52 Weeks / 52 Interviews: Week Nine: Frank Hinton

J.A. Tyler



Frank Hinton hides behind beautiful things with hopes that people will look there and admire the beauty of the thing and not s/he who trembles behind it. Frank believes in the magic within the mundane and feels fiction is just right for that kind of voodoo. Frank also edits Metazen, a daily fiction journal. Frank is not her real name.
 
 


 
 

Monkeybicycle: Why the pseudonym? And how much of you as “Frank” is a part of the “Frank” character in Action, Figure?

Frank Hinton: I think originally because of my job and the small community that I lived in I felt the need to use a pseudonym. Before Metazen was a daily litzine it was an infrequently updated blog where I would post weird ideas or fragments of stories. I didn’t want to be connected with my ideas because I think that I felt embarrassed about that side of myself.
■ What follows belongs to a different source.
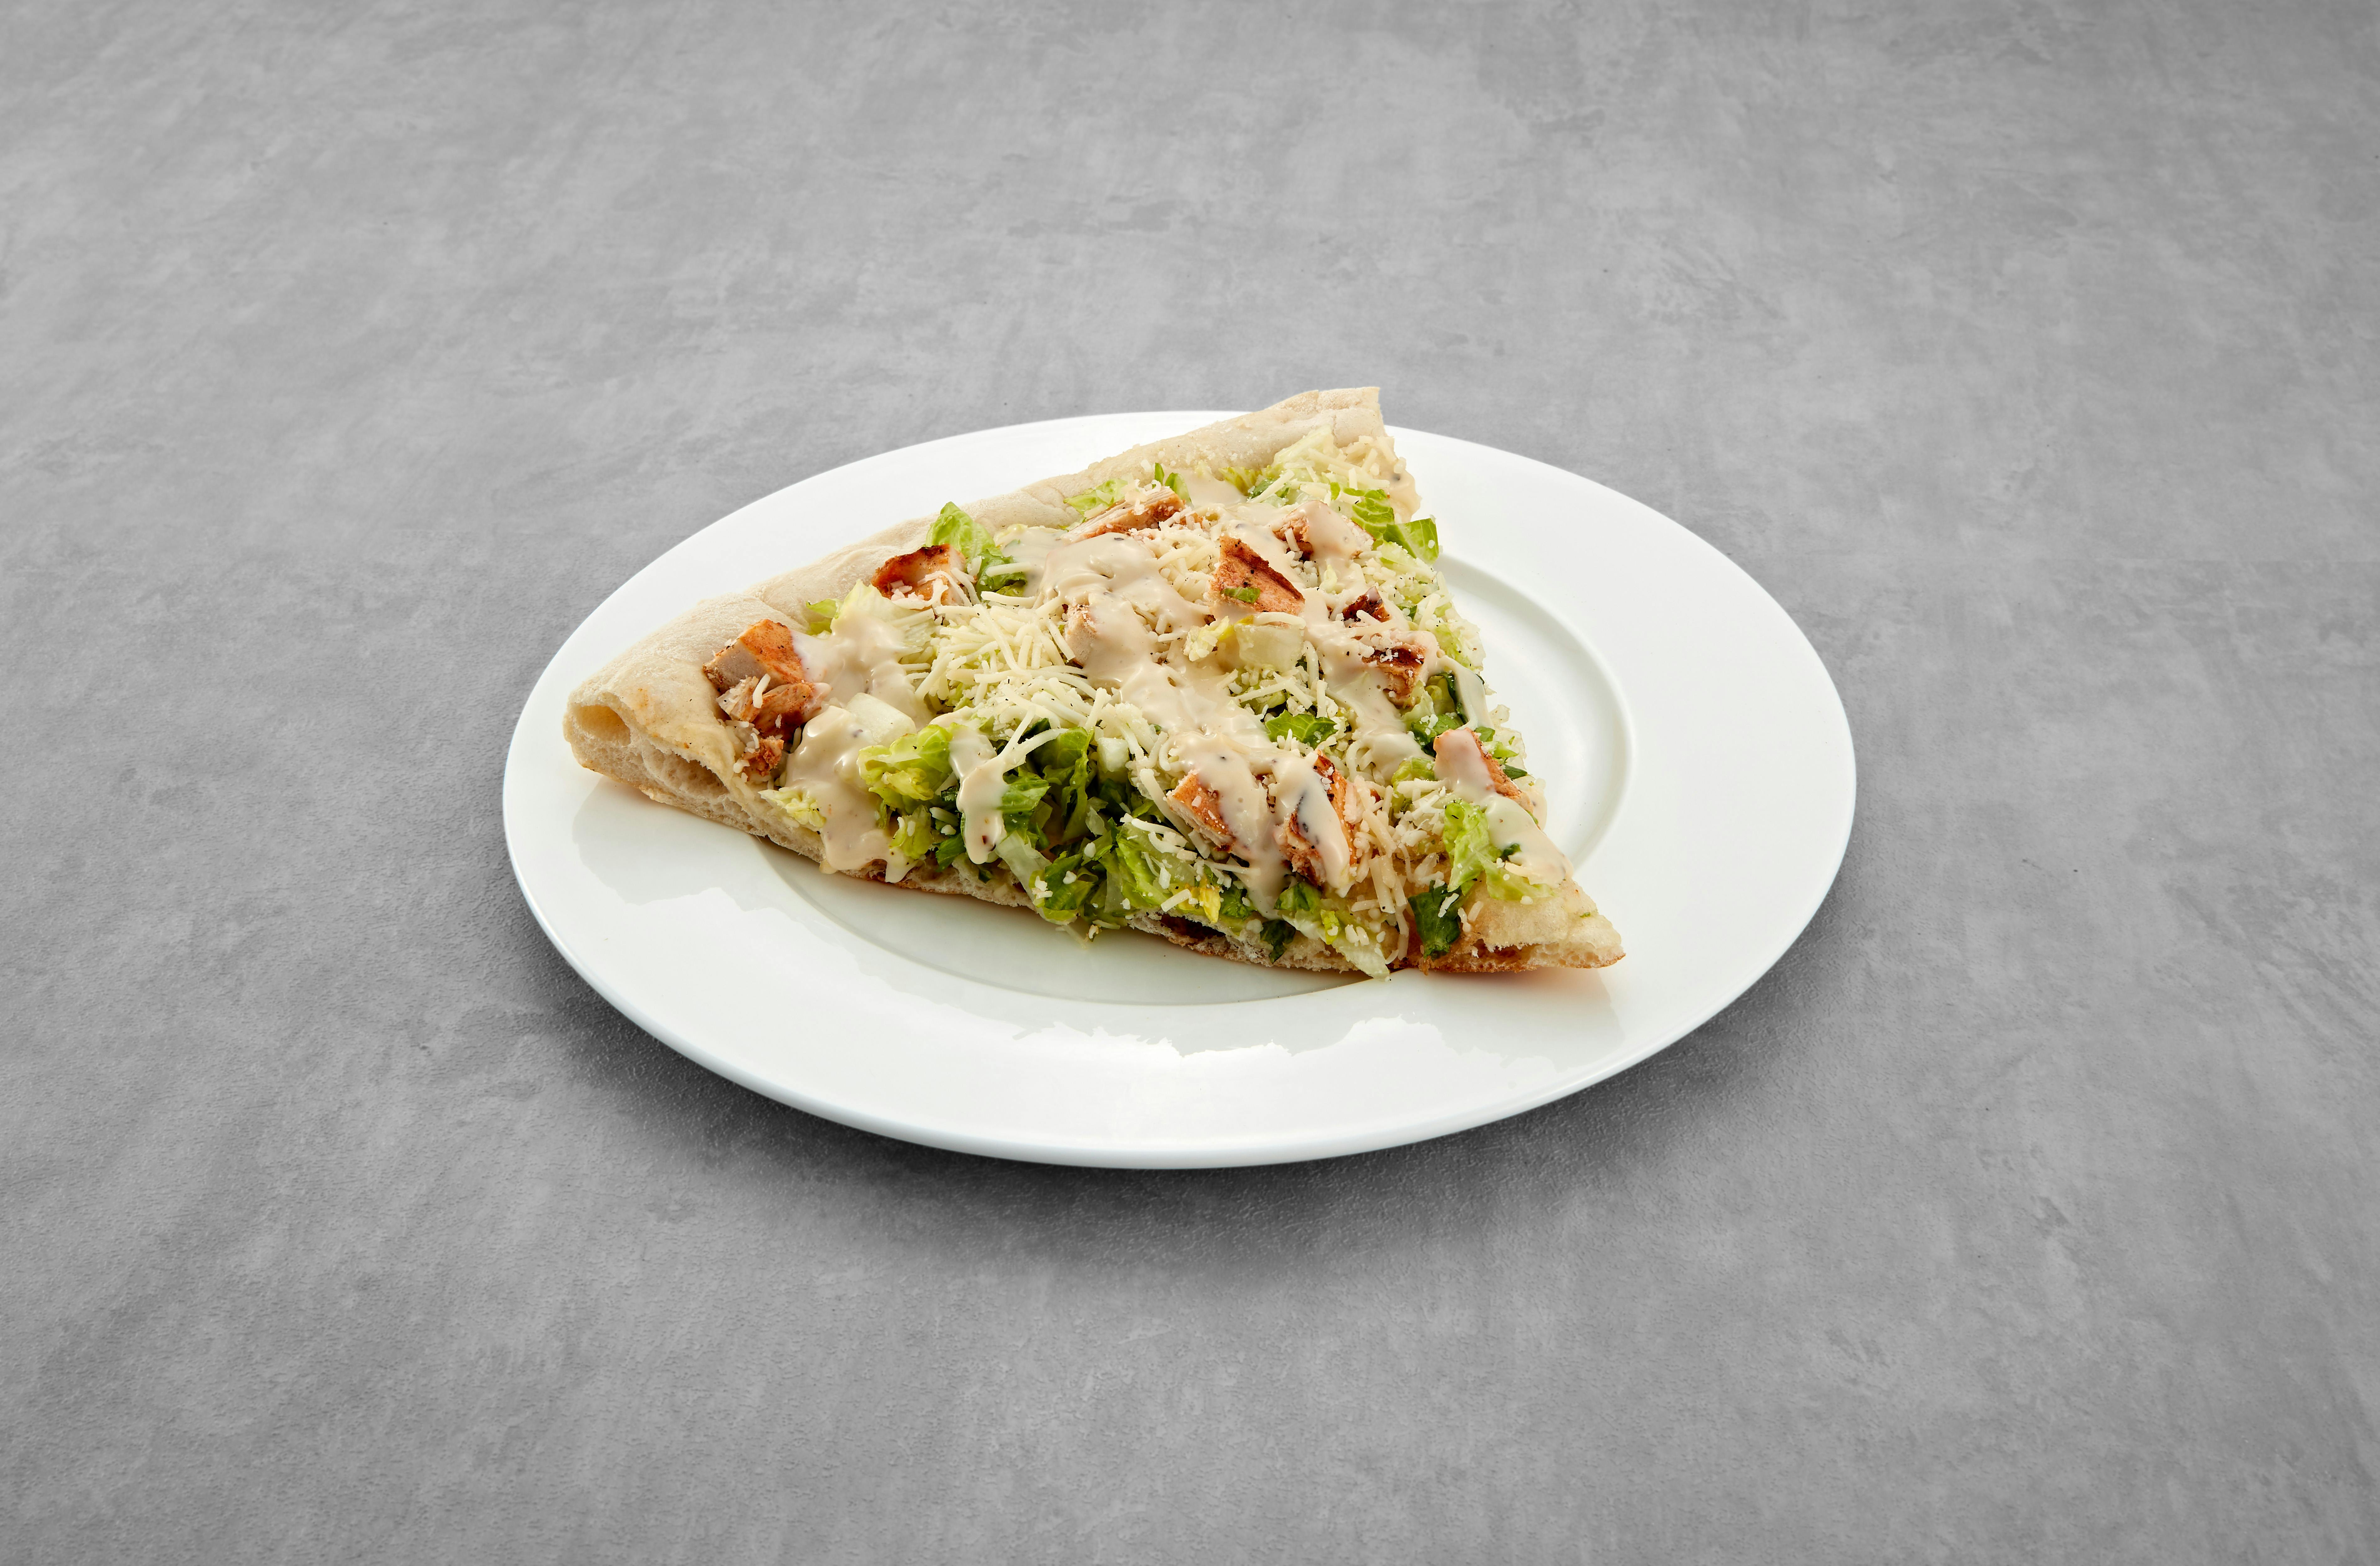 Chicken Caesar Salad Pizza Slice from Mario's Pizzeria in Seaford, NY

When I internally declared I was a writer I found an entire part of myself that wanted things hidden or half-revealed. I was also neurotic about people reading my thoughts. But then, maybe four years ago I became aware of online writers Finnegan Flawnt (Marcus Speh) and xTx and I saw what they were doing with their pseudonymity and found it intriguing. I started building the concept of a writer that exists in and out of stories that is wholly me and also not me. The internet+fiction allowed me to play with the idea of a character that exists and doesn’t exist. A lot of my early stories featured Frank and Lili and my novel predominantly featured them. I like the idea of a male and a female so much because I feel that my professional online personality ecompasses both. I really think that my most authentic self is represented in Frank Hinton. There is a very enchanting thing about having a vague online personality. I think as long as I am positive and supportive of others and because I don’t catfish people, that I am ok. In my real life I can say probably 80% of what happens in the book is directly ripped from events I’ve experienced (not the Rapunzel sections). I twisted things around a bit but I feel like I am deeply woven into the Lili and Frank segments of the book. Those are my experiences.

Mb: One of the three focal points of the book is Frank’s inability to move on after university: “Seems like, there’s nothing out there. But I feel good because if I get a job then I have to sort of ride to my death. Job, family, career, divorce, alimony, death.” What is it about growing up that scares us so much, and why is it so ripe for writing?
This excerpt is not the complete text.